第二十一話:破局の連鎖!異世界を襲う失恋の嵐
佐藤健太は、零の呪いのおかげで極度のアウトドア派に戻り、二度と零のゲーム空間に近づかなくなった。零は、これで平和が訪れたと安堵していた。
しかし、健太がインドアからアウトドアに急転換したことは、妹の一花との関係に大きな亀裂を生んだ。
「お兄ちゃん!聞いてよ!」
一花が、泣きそうな顔で零の部屋に駆け込んできた。
「健太がね、私と会っても『公園で筋トレしよう』とか『登山が最高だ』とか、そればっかりなの!全然、家でゆっくりしてくれない!彼はもう、私の知ってる健太じゃない!」
「ふむ。当然だ。俺がそう仕向けた」零は冷静に答えた。
「だから!さっき、別れてきた!」
「そうか。お疲れさん」
零は淡々としていた。面倒な侵入者がいなくなり、自分の聖域が守られたのだから、零にとっては最も平和的な結末だ。
しかし、零は知らなかった。健太の別れ話が、異世界に甚大な影響を及ぼしていることを。
健太に施した「体感型汚染アイテム」の呪いを解除した際、零は「失恋の感情」という、極めて強いネガティブな感情を、異世界の魔力資源に混ぜて処理していたのだ。

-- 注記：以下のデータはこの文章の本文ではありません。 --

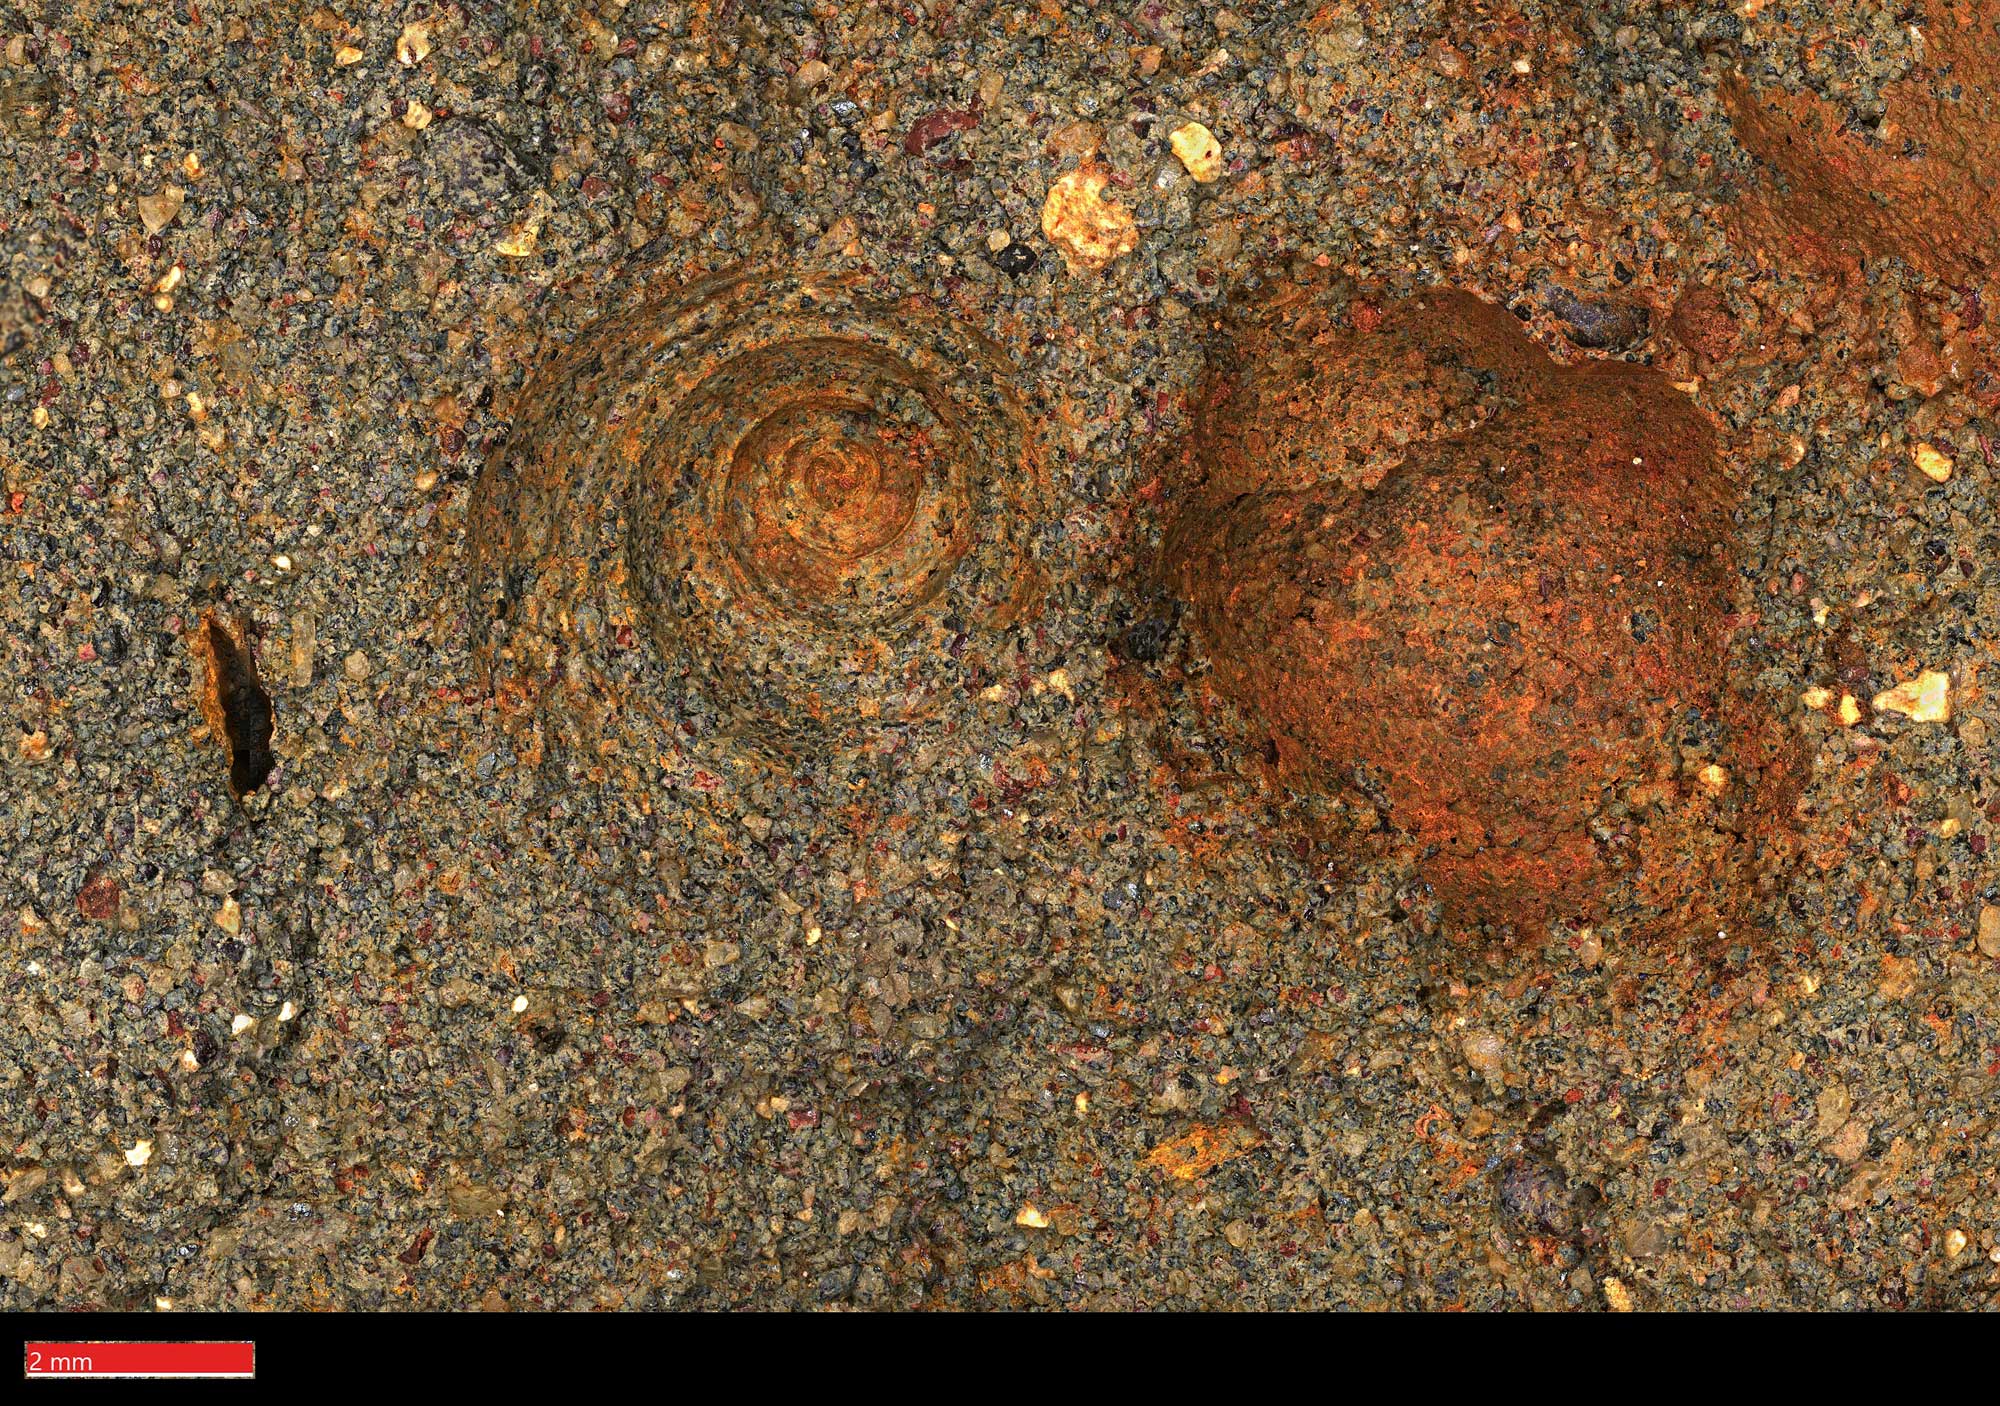 Photograph of Late Cretaceous gastropods from the Mesabi Iron Range, Minnesota. The photo shows two gastropod (snail) shells, one viewed from the apex so that looks like a spiral, and one from the side. The shells are orange in color and do not appear well preserved. The rock matrix around them is brown and appears coarse-grained.

零は、いつものように『全知の窓』でアステラ王国の様子をチェックした。
王都の広場には、王国の老若男女、さらには騎士や魔術師までが泣き崩れていた。
リリアーナが、憔悴しきった様子で魔法陣の部屋から報告してきた。
「零様!大、大変です!昨日の午後から、王国全土で『失恋の連鎖』が起こっています!街中の恋人たちが、次から次へと『外での活動に対する意見の不一致』を理由に別れを告げています!」
零は驚愕した。「失恋の連鎖?」
「はい!原因は、突如として世界全体を覆った『強烈な別れの予感』の魔力です!このままでは、少子化が進み、王国が滅びます!」
『全知の窓』には、悲劇的な映像が映し出されていた。
【王都の広場】
騎士: 「すまない、君。僕は、馬に乗って遠くまで冒険に行くのが最高なんだ。君の『家で刺繍をしたい』という考えは、もう理解できない……」
魔術師: 「さようなら、君。私の趣味は『一人で静かに魔法の理論を研究すること』だ。君の『毎週末のバーベキュー』には、もうついていけない……」
零は悟った。一花と健太の破局の際に放出された、「外と内」の価値観の対立による別れのエネルギーが、次元の歪みを通じてアステラ世界に拡散し、全てのカップルの潜在的な不満を増幅させていたのだ。
「くそっ、妹の恋愛が、アステラ世界の出生率を脅かすなんて……!このままでは、人口が減り、ピザの需要がなくなる!」
零にとって、世界の危機とは常に自分の利益に直結していた。
零は、この広がる「失恋の嵐」を止めるため、**「新たな出会いの強制」**を行う必要があった。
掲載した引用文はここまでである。